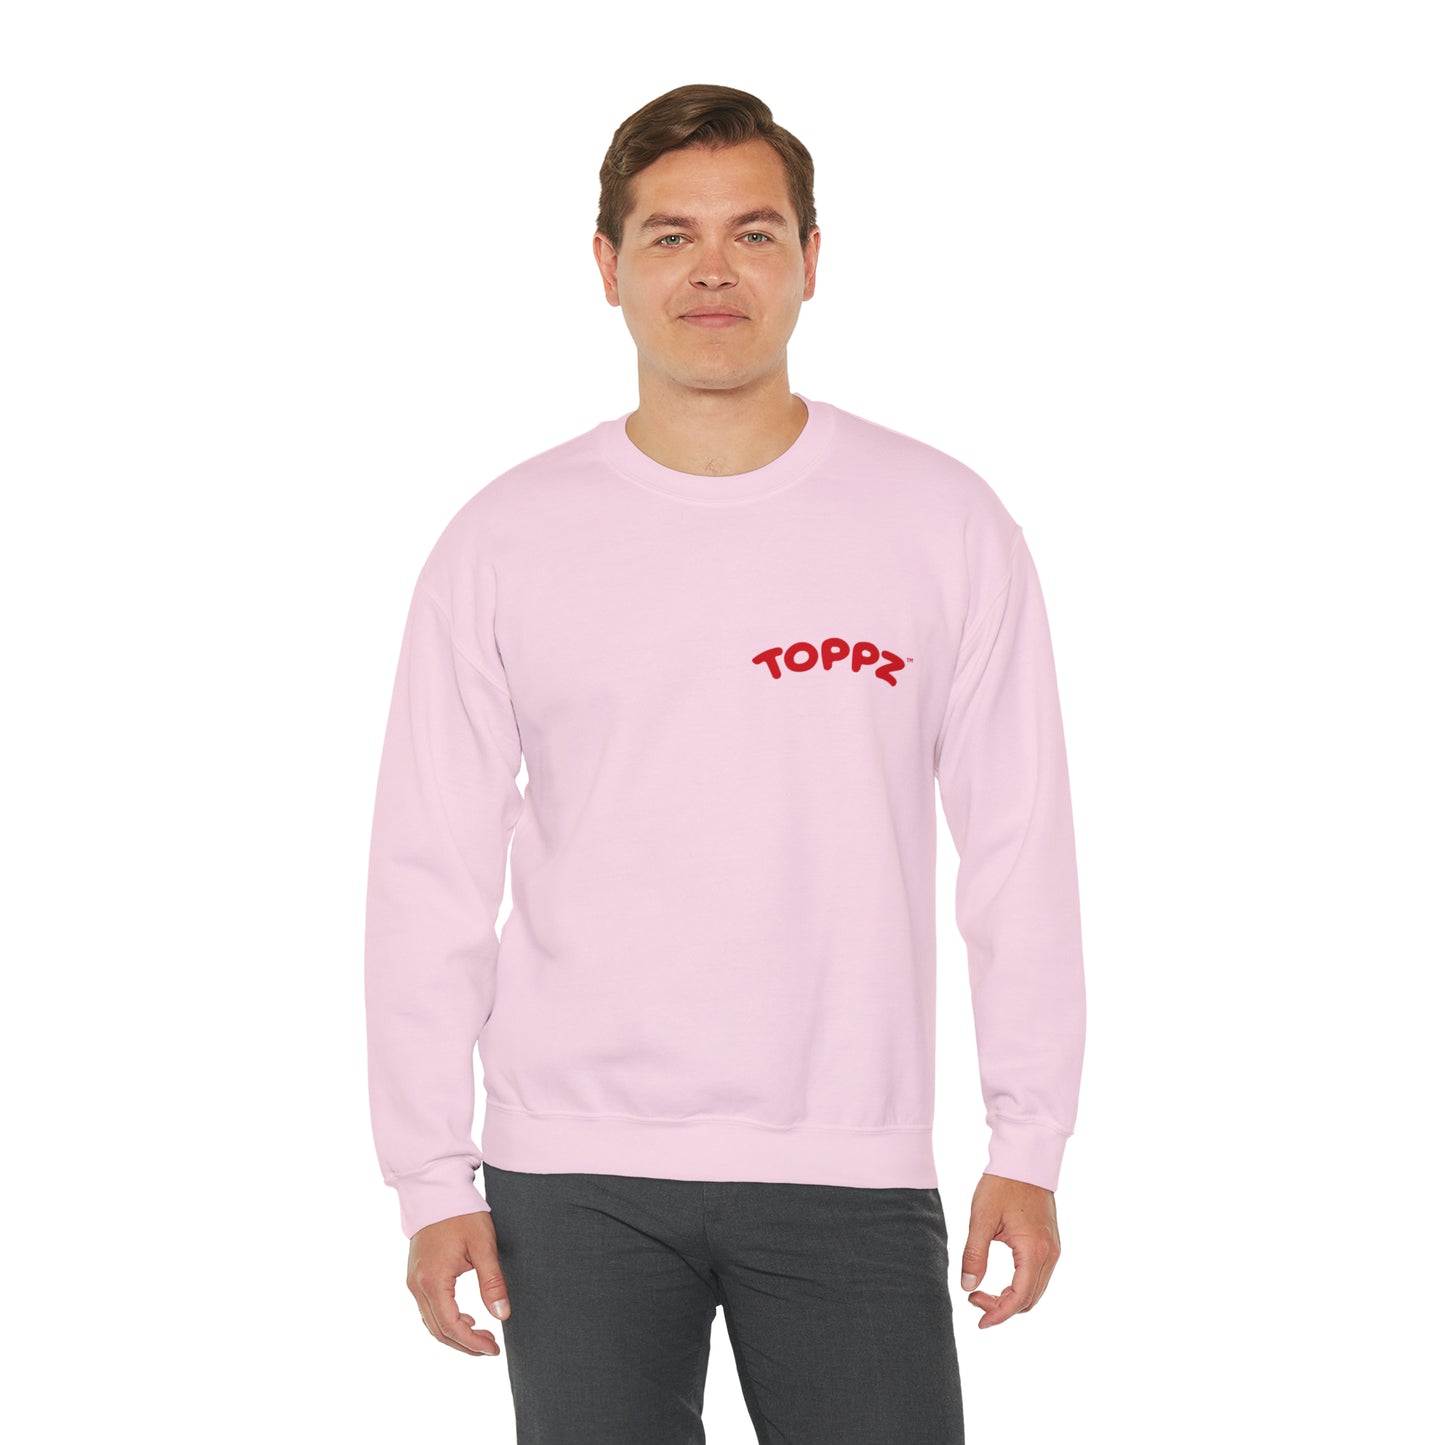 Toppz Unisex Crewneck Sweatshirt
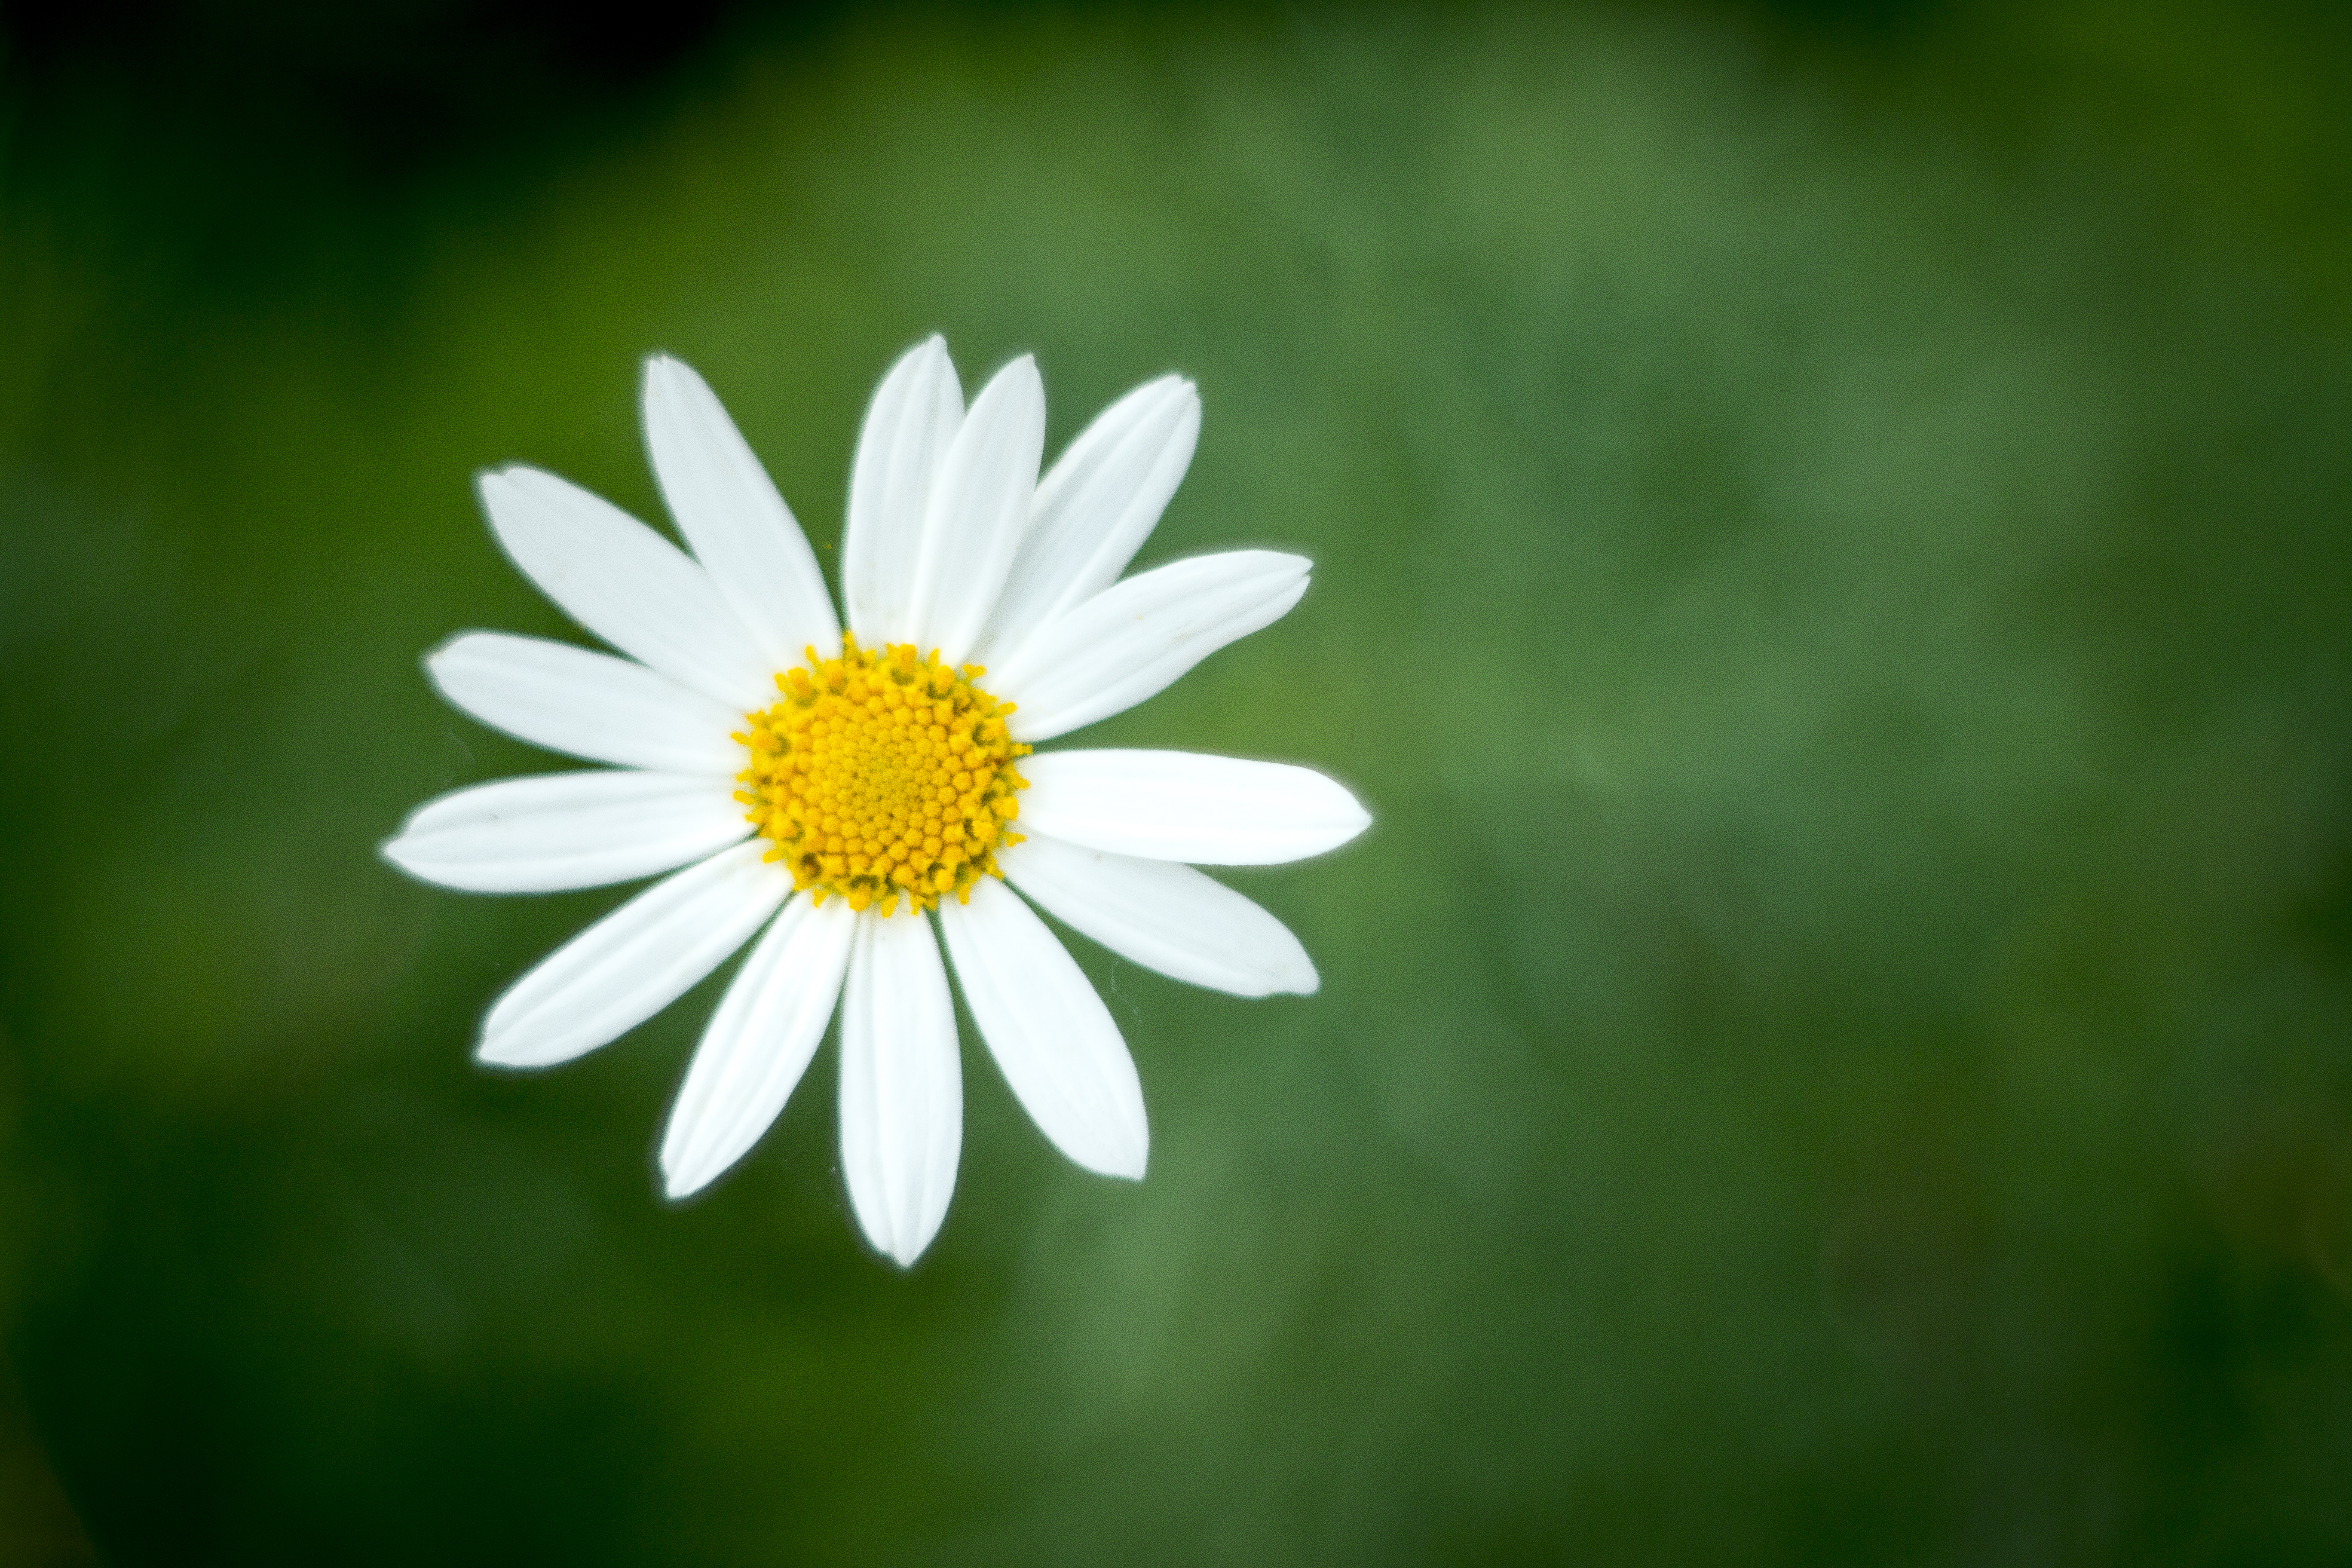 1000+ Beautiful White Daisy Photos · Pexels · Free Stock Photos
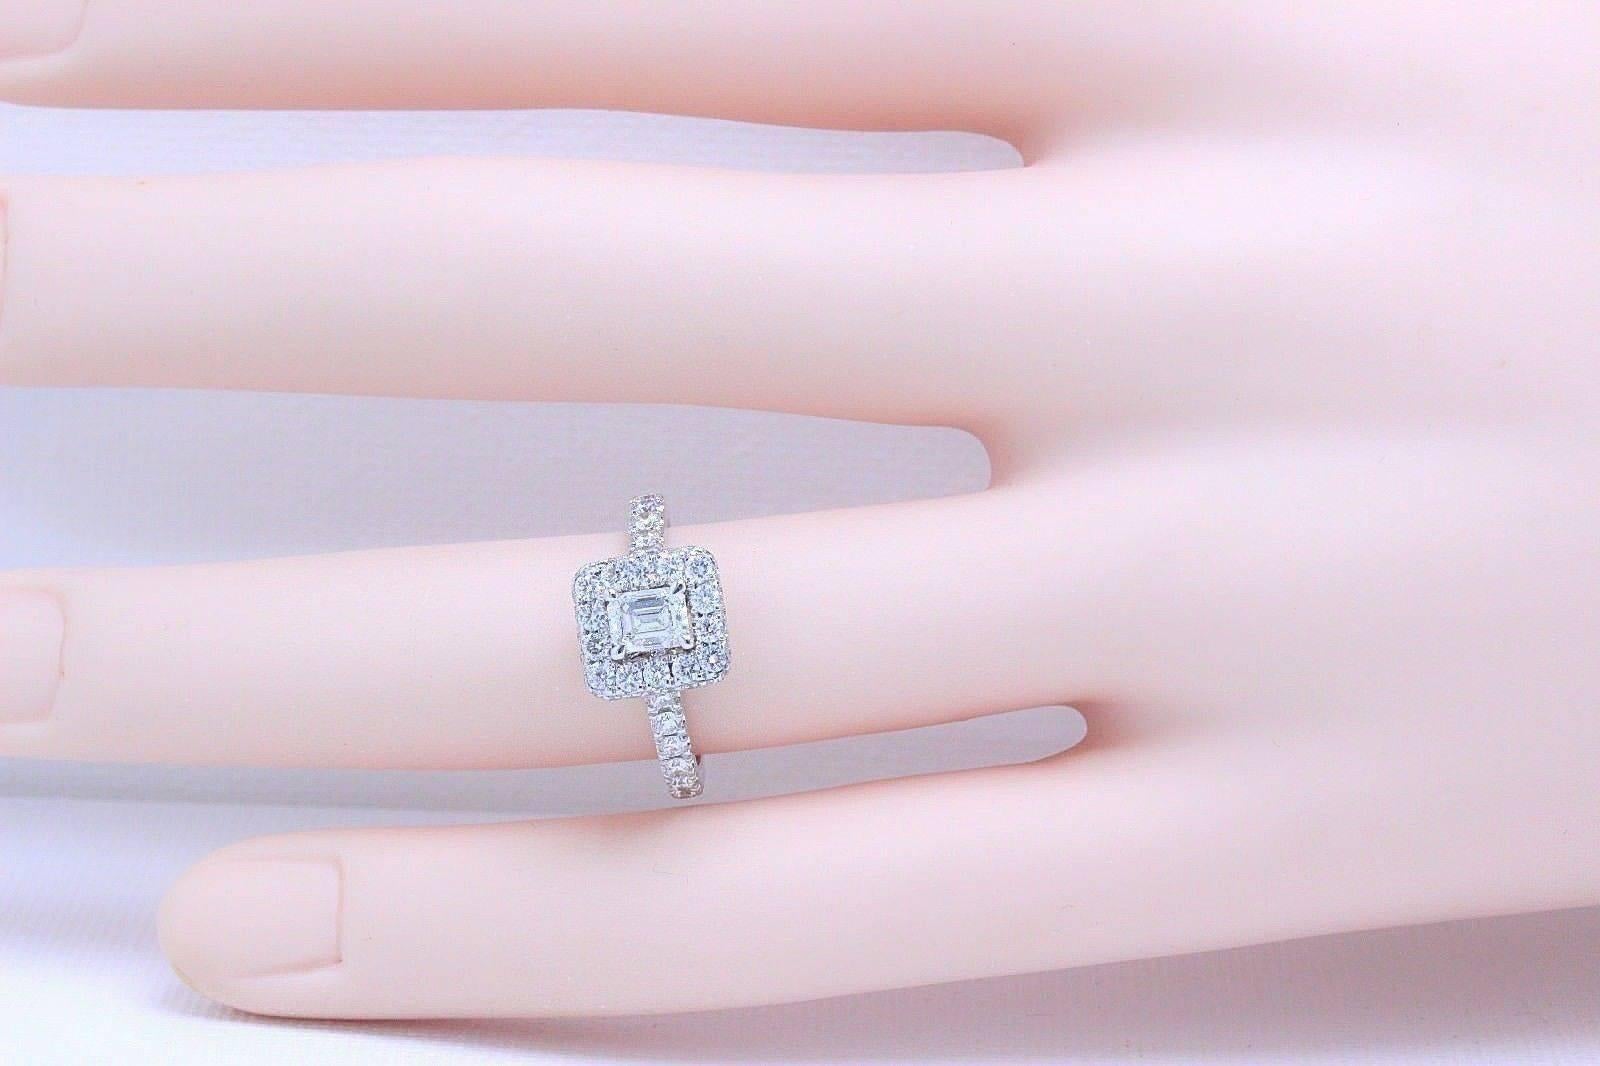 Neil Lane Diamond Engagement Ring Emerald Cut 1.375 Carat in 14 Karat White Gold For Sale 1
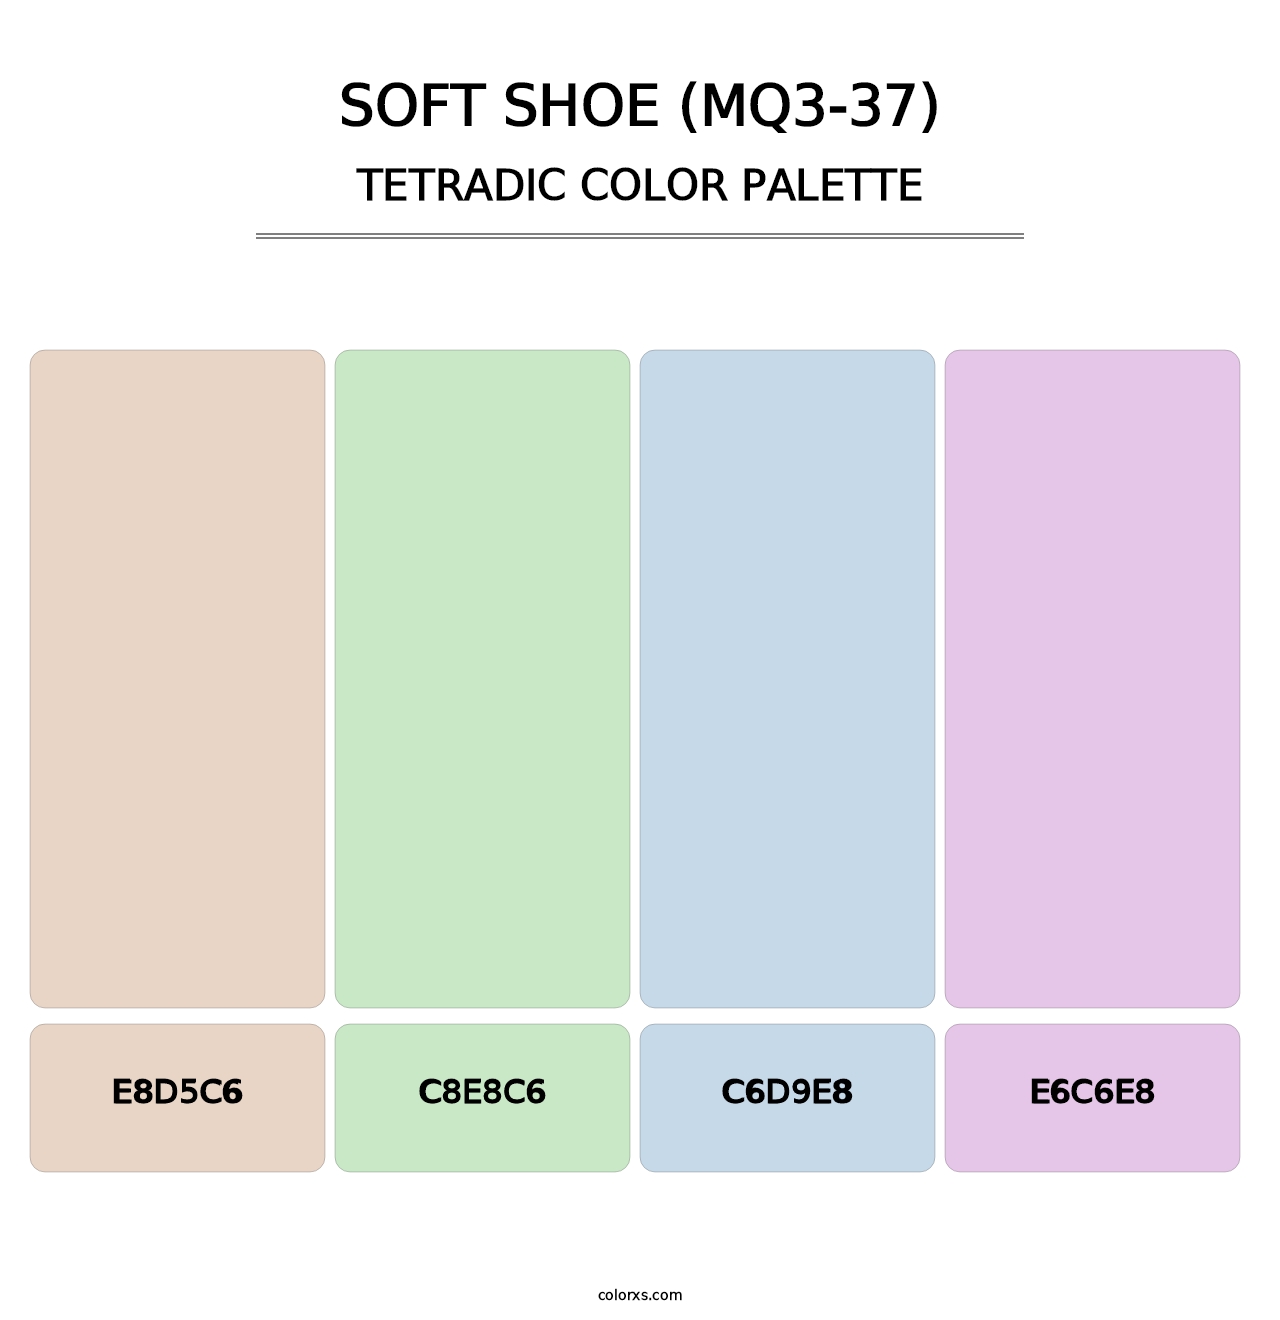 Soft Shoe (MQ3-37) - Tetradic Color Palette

= = =

- **ACTION ITEM**: Quote the data exactly, leaving every image out of the copy.

- **OUTPUT BELOW**:
 Toppz Unisex Crewneck Sweatshirt
 1000+ Beautiful White Daisy Photos · Pexels · Free Stock Photos
 Neil Lane Diamond Engagement Ring Emerald Cut 1.375 Carat in 14 Karat White Gold For Sale 1
 Soft Shoe (MQ3-37) - Tetradic Color Palette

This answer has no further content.